> _Assigned task_: The whole listing, exactly as given: write it out, leaving out each image.

> _Supplied information_:
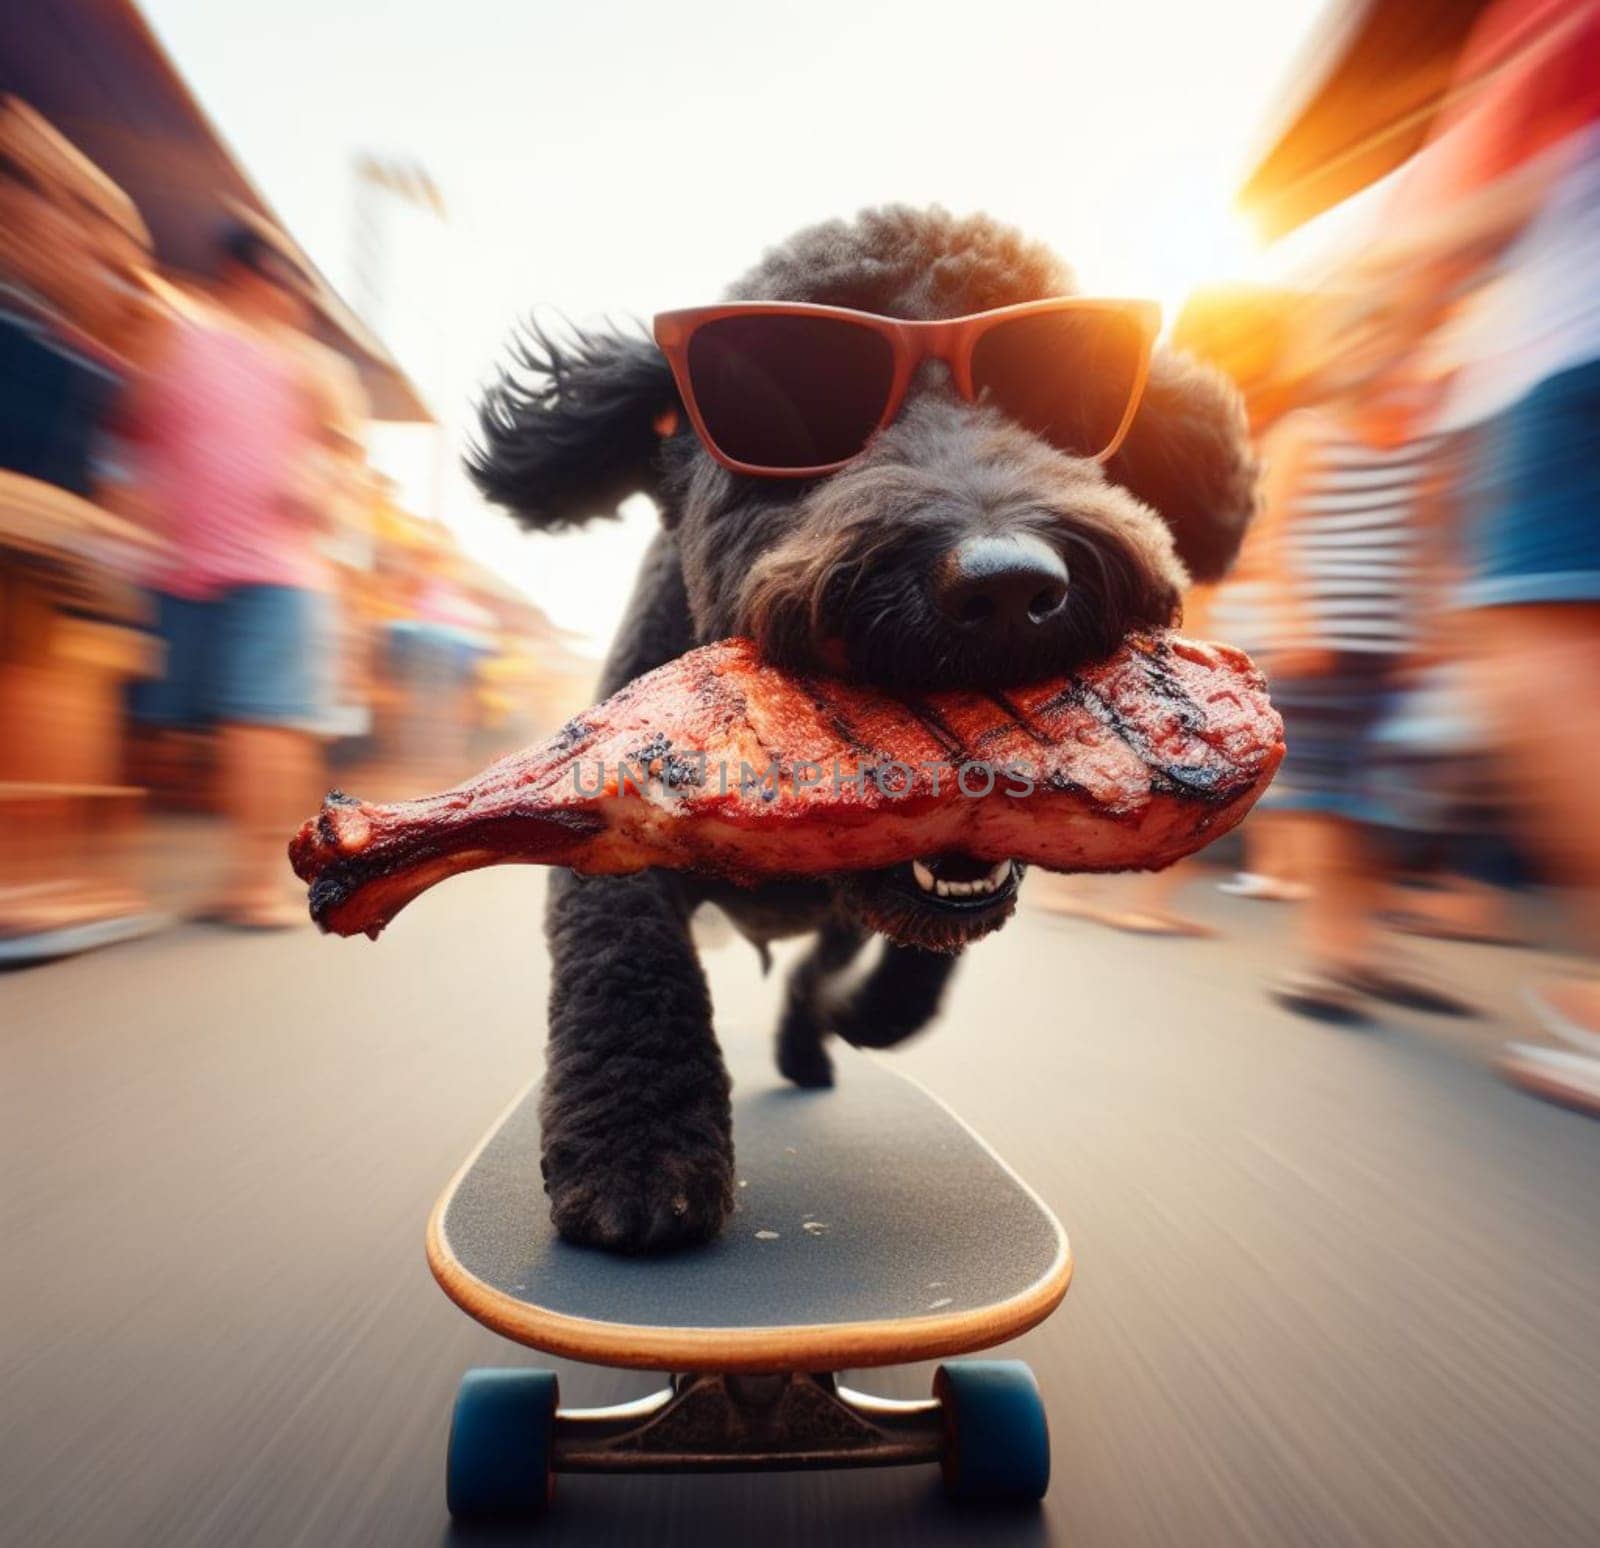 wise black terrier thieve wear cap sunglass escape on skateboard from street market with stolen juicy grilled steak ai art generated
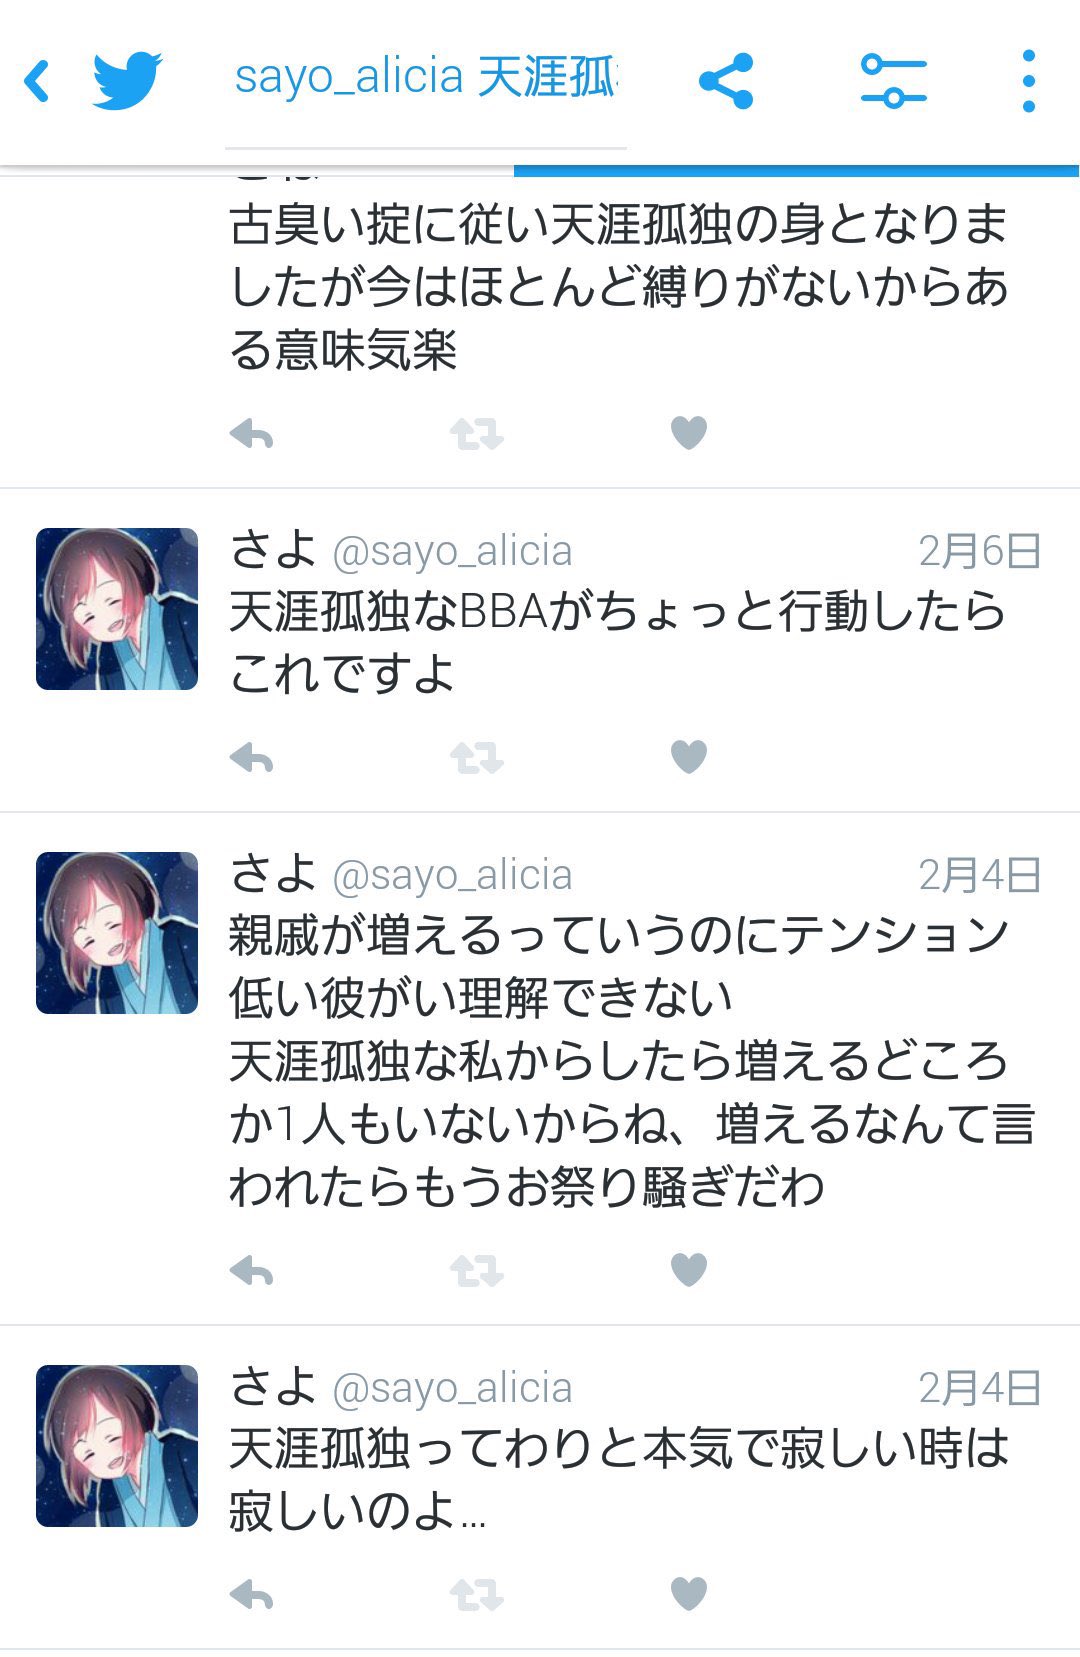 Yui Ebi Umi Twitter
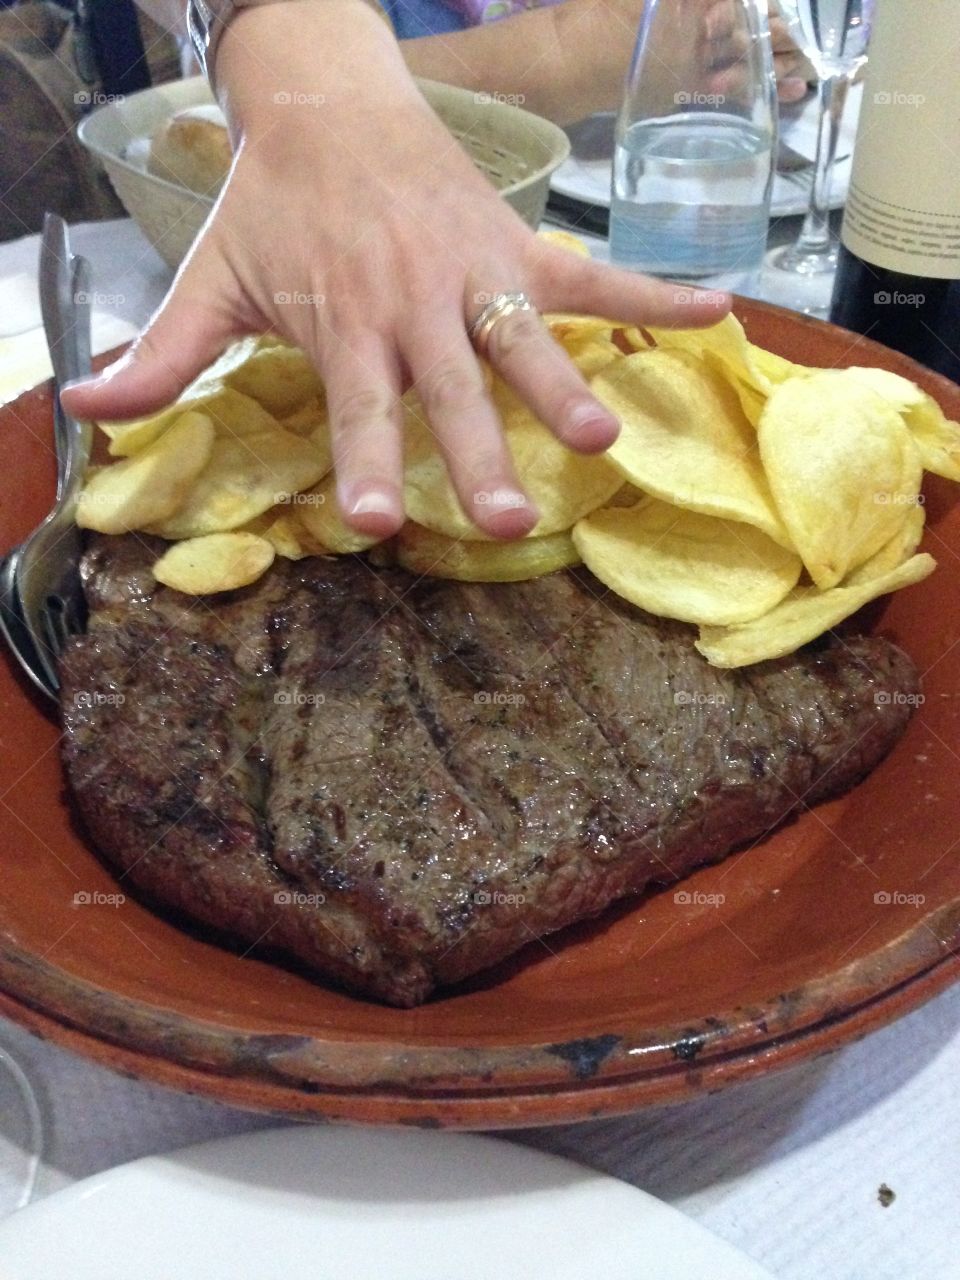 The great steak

> _Answer to the problem_:
 wise black terrier thieve wear cap sunglass escape on skateboard from street market with stolen juicy grilled steak ai art generated
 Yui Ebi Umi Twitter
 The great steak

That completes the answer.